REVIEWED BY JOHN GREENYA
If you're one of those embarrassingly young people, a demographic darling between the ages of 18 and 34, you'll find this book interesting, but if you're one of us older birds, you'll find it fascinating. This is not to say you'll find everything in it to your liking, or that you will find television anchor-journalist Roger Mudd's authorial persona consistently attractive.
Nonetheless it remains a fascinating book because it does such a good job of recreating an era when television news was an important, and powerful, part of American life, a significant influence on the hearts and minds of citizens.
Interestingly, this is not the book Mr. Mudd originally set out to write. As he explains at the end, in the acknowledgments section, he started to write a full-blown memoir.
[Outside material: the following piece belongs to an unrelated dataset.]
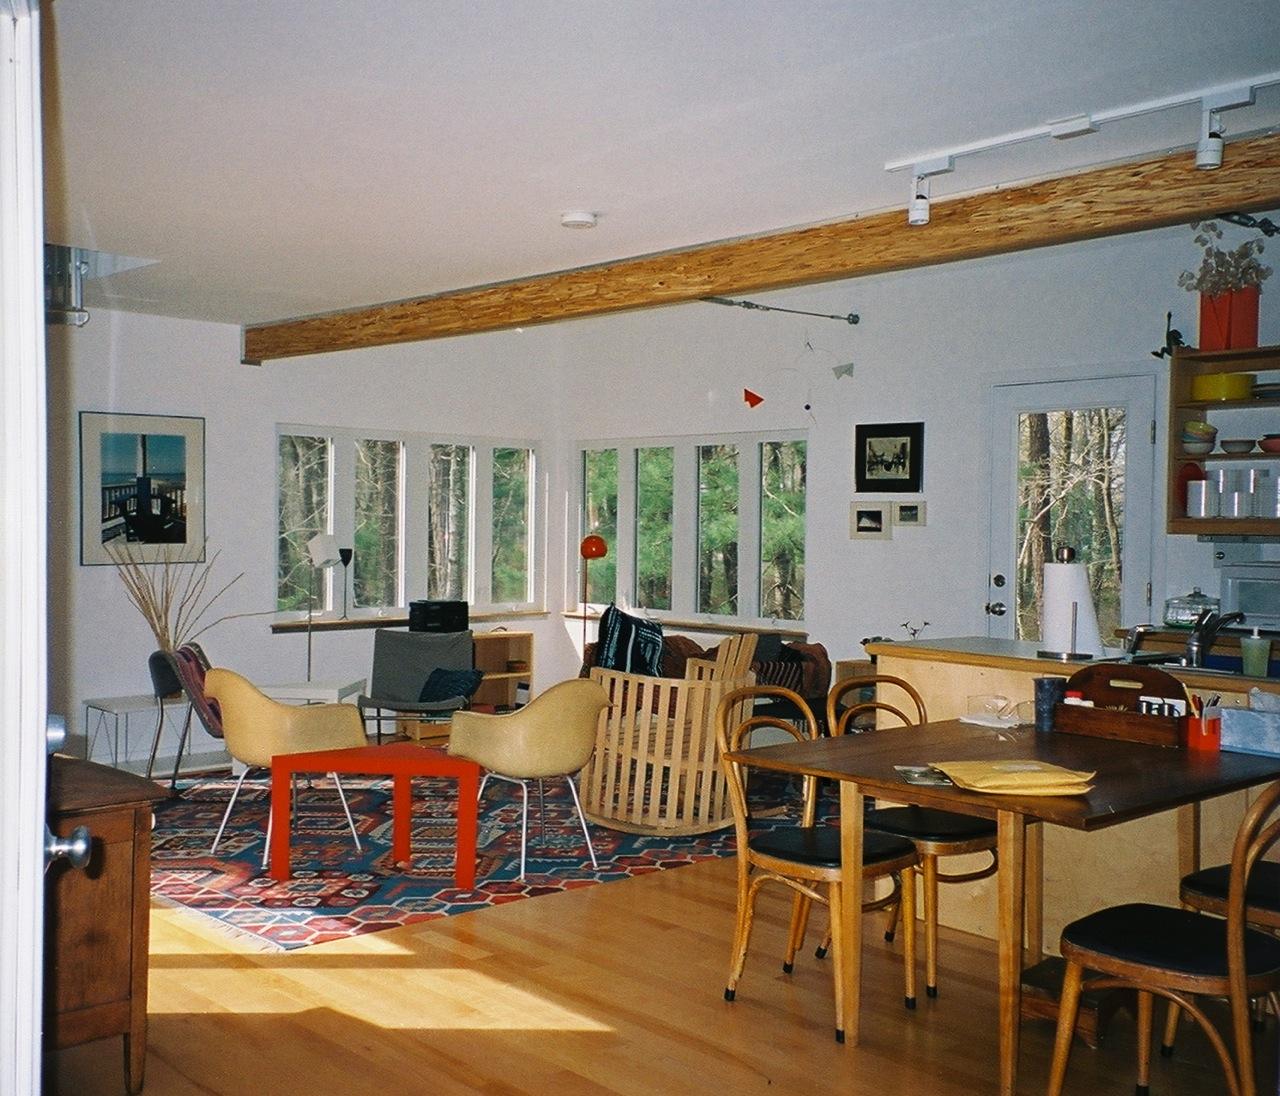 Cape Cod Architect Builder: Portanimicut- A Modern, Minimalist Cape Cod House

Then, "A telephone call to one of Washington's most successful lawyer-agents nearly caused me to abandon the project. He told me there was no market for a journalists' [sic] memoirs unless I dished about the famous and powerful. Otherwise, he said, only the academic press would be interested."
But then Mr. Mudd's friend Jim Lehrer suggested he approach Peter Osnos, founder and editor of Public Affairs Press here in Washington. Mr. Osnos, a former star reporter himself, told Mr. Mudd, "Everybody knows what's happened to the networks. Why don't you write about that great Washington bureau you were part of?"
"Oh, my God!," writes the author. "There it was, handed to me."
And what good advice that turned out to be, as the result is a highly entertaining while at the same time highly informative popular history of what was indeed a great Washington news bureau and a proud extension of what the iconic Edward R. Murrow had created at CBS over the previous decades.